Jaresko also noted problems with the payments in pensions for future retirees. Some 20 municipalities and seven public corporations are not remitting individual payroll withholdings for their employees’ defined contribution plan, which is slated to become privately managed in the summer. Current employees are now part of a defined contribution program and monies are withheld from their paychecks and put into the plan for their future.

Jaresko said she does not want to see a repeat of the Sistema 2000 plan, a hybrid retirement plan, which was not funded even though the money was withheld from employees’ paychecks. To date, she said, the Sistema 2000 plan remains unfunded.

“That is what we are seeing and we want to see that it ends,” she said. “We are watching and bringing attention to this issue but under Puerto Rico law they must deposit the funds.”

Regarding the $30 million allocated in 24 joint resolutions Jaresko said there was an agreement in place that any allocations had to be within the budget. Some of the appropriations date as far back as the 1980s and ’90s, making it difficult to verify available revenue to fund the expenditures. Best budgeting practices match same fiscal year revenue with expenditures, including resolutions.

The board had made the government aware of its non-compliance in a letter dated Feb. 28 and had requested notification of any disbursement of funds. As of Monday, the government had not submitted the requested information. If the information is not received by May 15, the board will proceed with exercising its authority under Promesa.

Jaresko also said a significant number of banks, accounting firms and law firms involved in bond issuances that violated constitutional limits signed tolling agreements to delay the statute of limitations the government had to claims against them.

The tolling agreements required the board to keep the names of these firms confidential until an adversary proceeding was filed against them. However, they may never be sued nor their names revealed.

Lawyers for the Special Claims Committee said at an omnibus hearing April 24 that they were going to sue 27 underwriters, nine law firms and five accounting firms for their role in debt that may have been issued in contravention of debt limits in the Constitution. The lawyers said their names would be revealed.

A week later, the board filed three sets of lawsuits on behalf of the commonwealth before a May 3 statute of limitations deadline for avoidance actions, which are those filed on behalf the debtor to bring back assets transferred illegally or fraudulently.

The first set of lawsuits was filed against third-party vendors seeking the return of so-called fraudulent transfers for vendors that got paid by the government $2.5 million or more. A fraudulent transfer may not mean actual fraud, it is a payment made for which Puerto Rico did not receive “reasonably equivalent value” in exchange or money the government spent knowing it was insolvent. The suits seek about $4 billion from more than 250 vendors.

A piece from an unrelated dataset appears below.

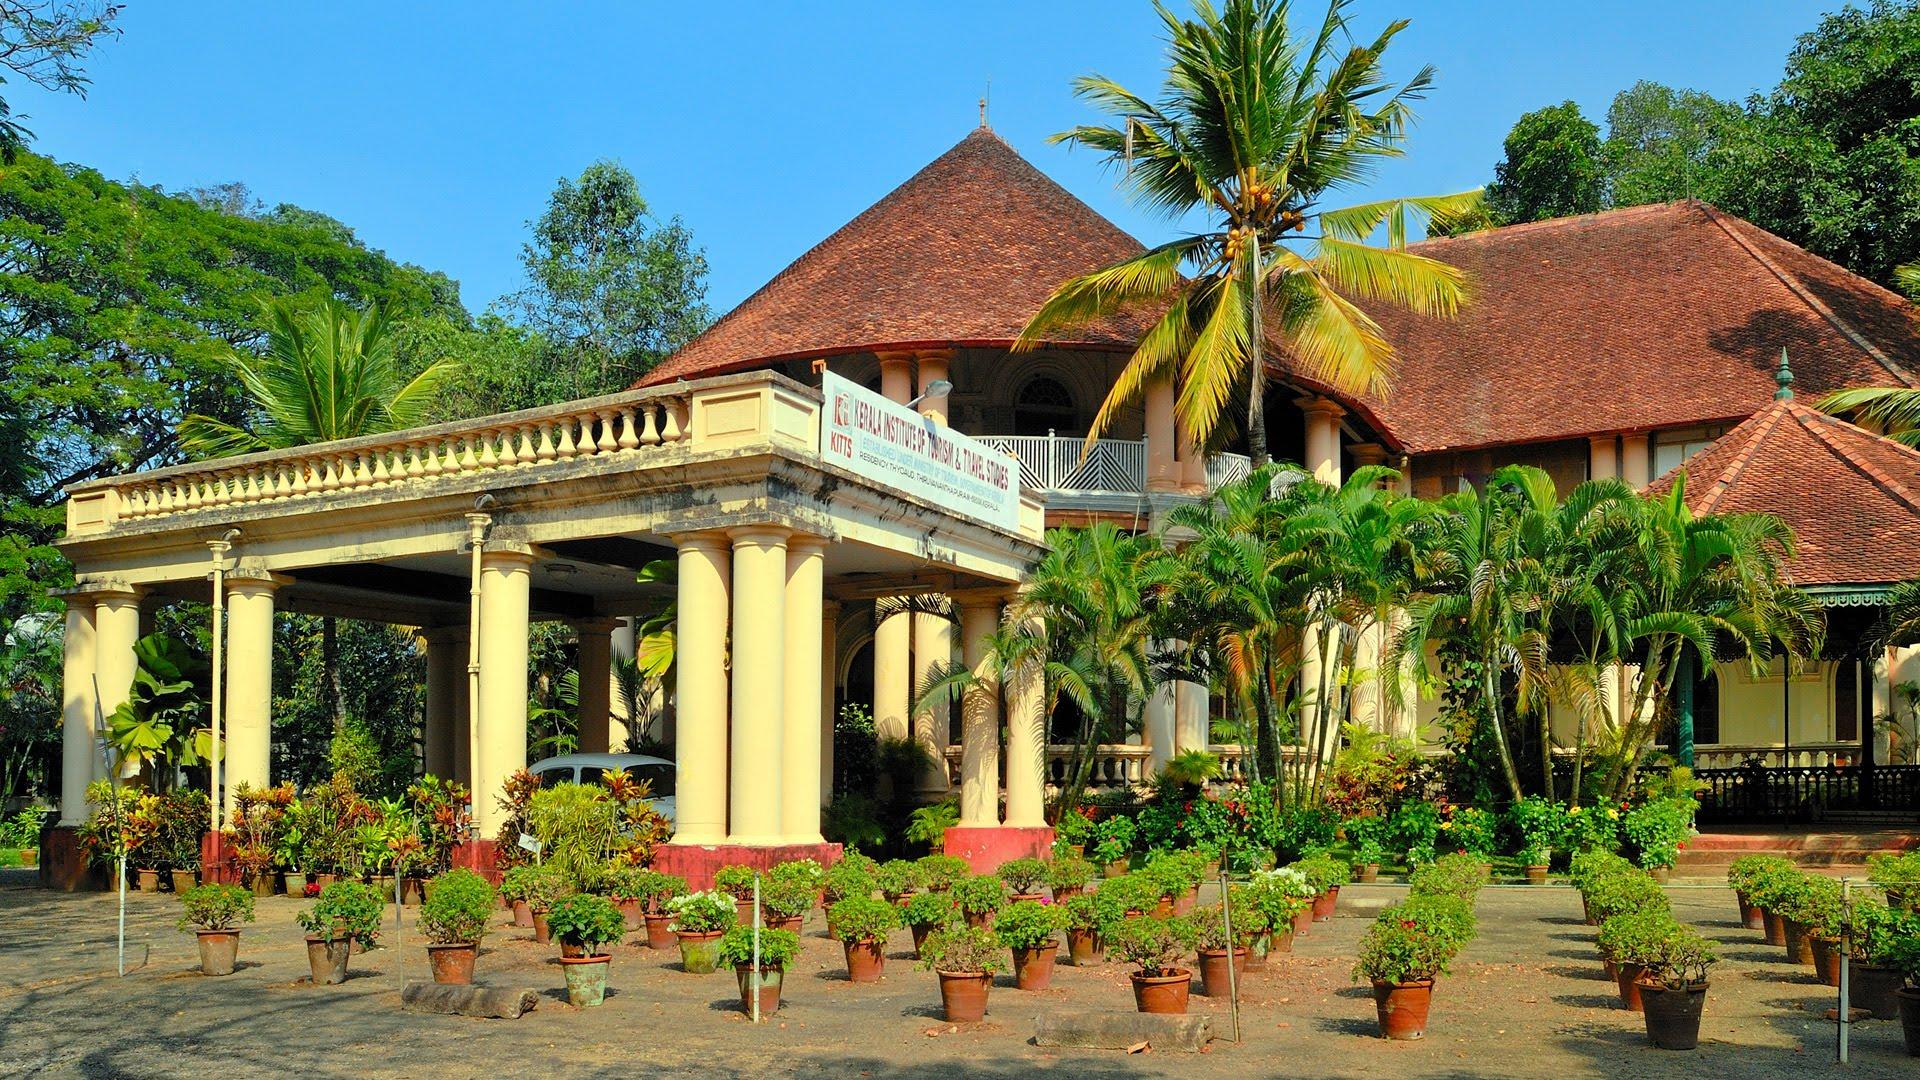 Kerala Institute of Tourism and Travel Studies, Thiruvananthapuram Image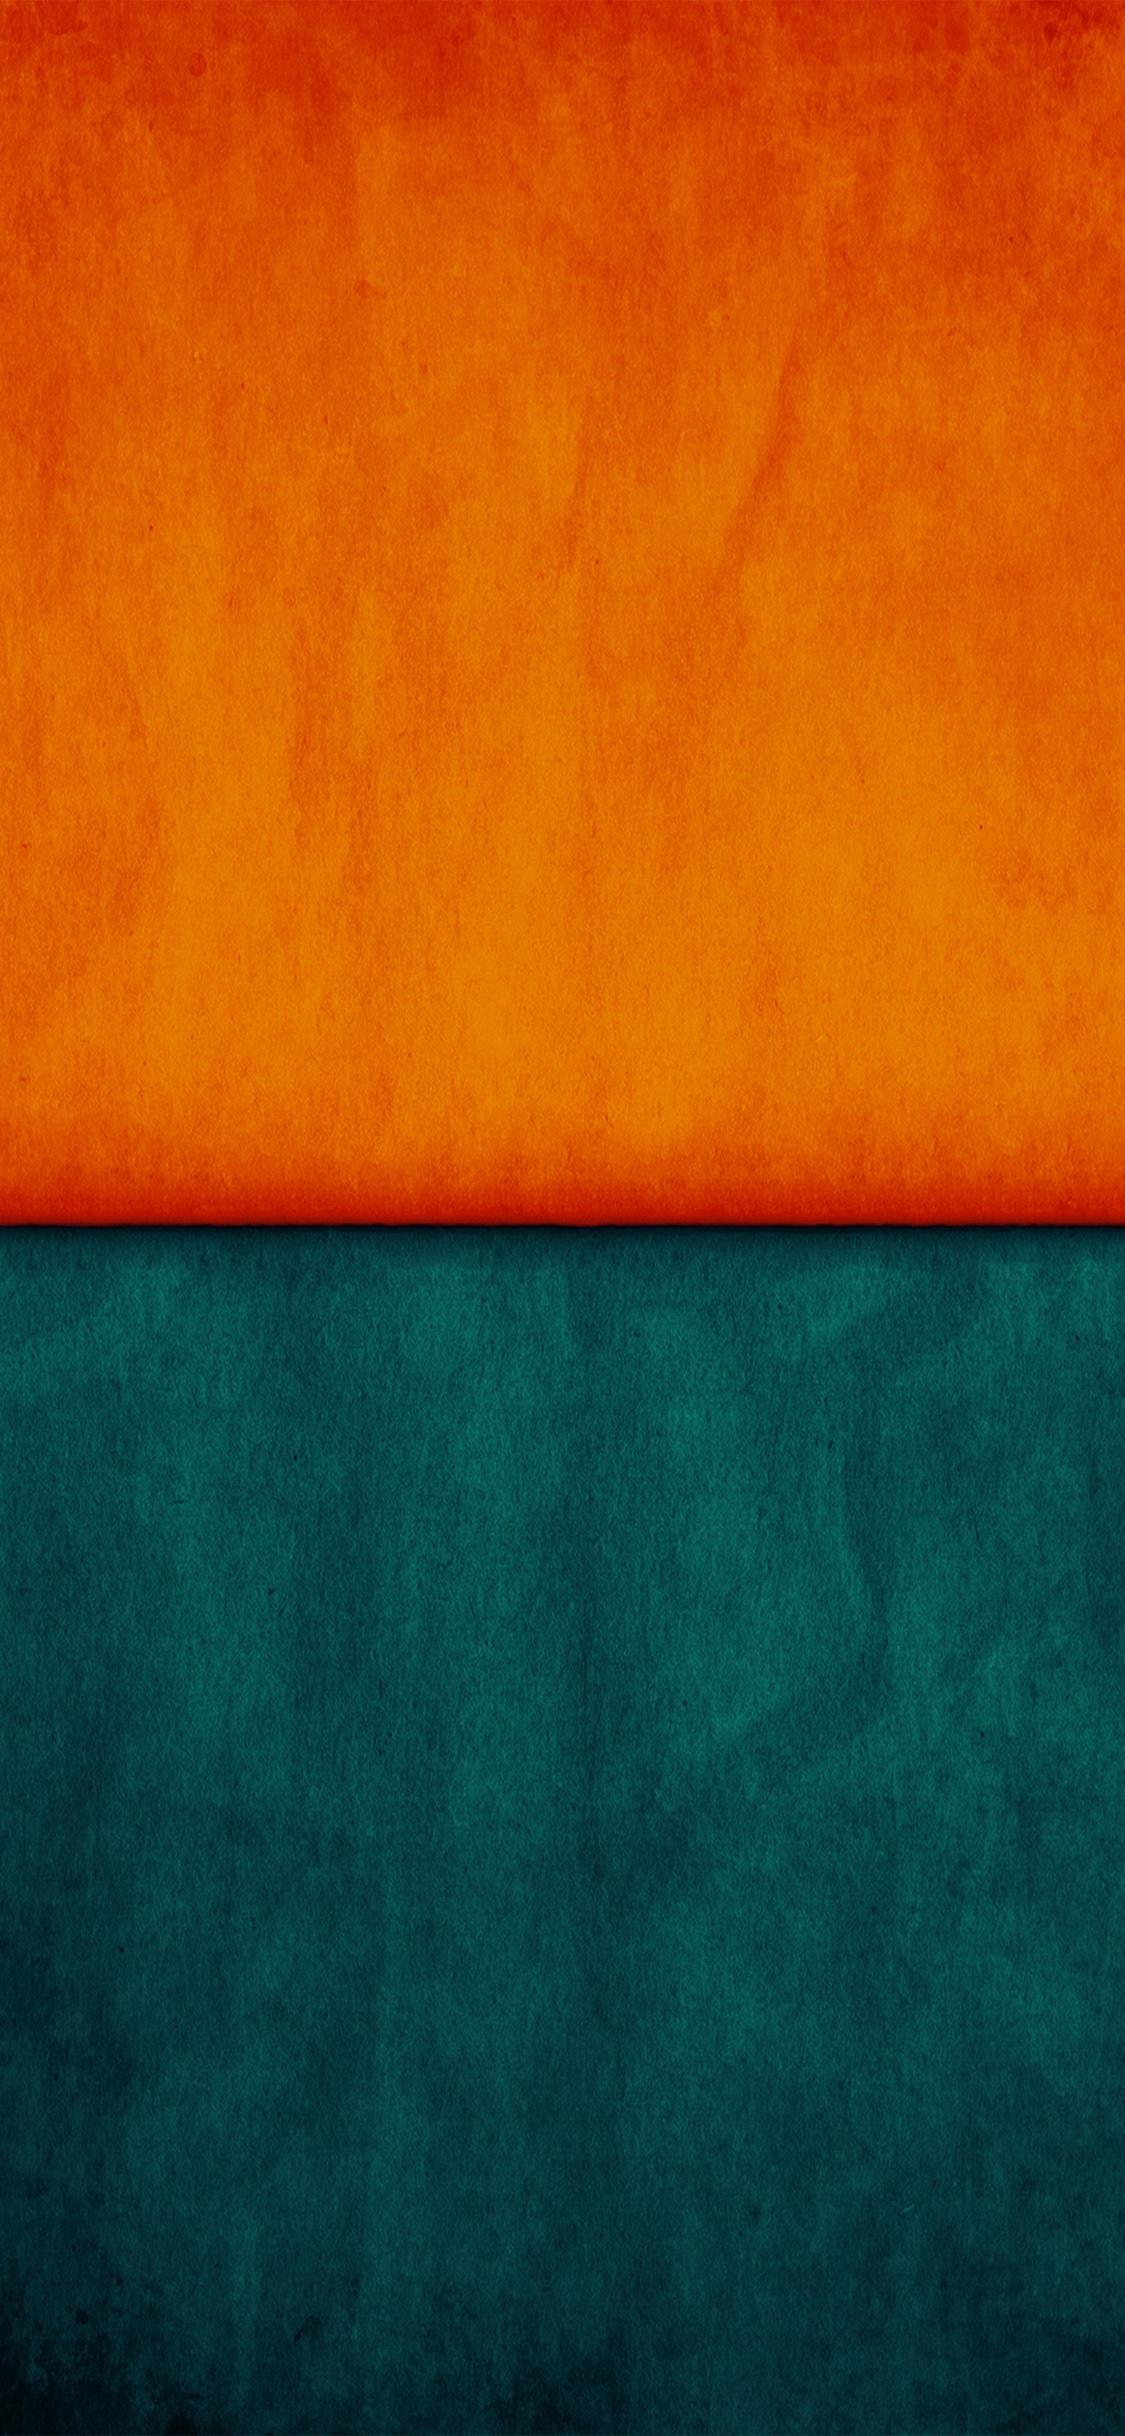 iPhoneXpapers.com-Apple-iPhone-wallpaper-vx27-orange-blue-pattern-background

A second set of lawsuits was filed to recover more than $1 billion from holders of bonds issued in excess of Puerto Rico’s constitutional debt limit. A third set of lawsuits was filed against firms and advisers that helped with the issuance of the bonds that were underwritten in contravention of the law. The suits are part of allegations that $6 billion in general obligation bonds issued in 2012 and 2014 violated the constitutional limits.

However, the board failed to sue many accounting firms and banks implicated in the illegal issuance of bonds.

When asked, Jaresko said the entities were given an opportunity to sign a tolling agreement to give the board and counterparty time to attempt to consensually resolve the issues.

As part of the court-approved tolling agreements between the Special Claims Committee and the Unsecured Creditors Committee, the commonwealth agreed to keep the names of the potential defendants confidential pending the filing of an adversary proceeding.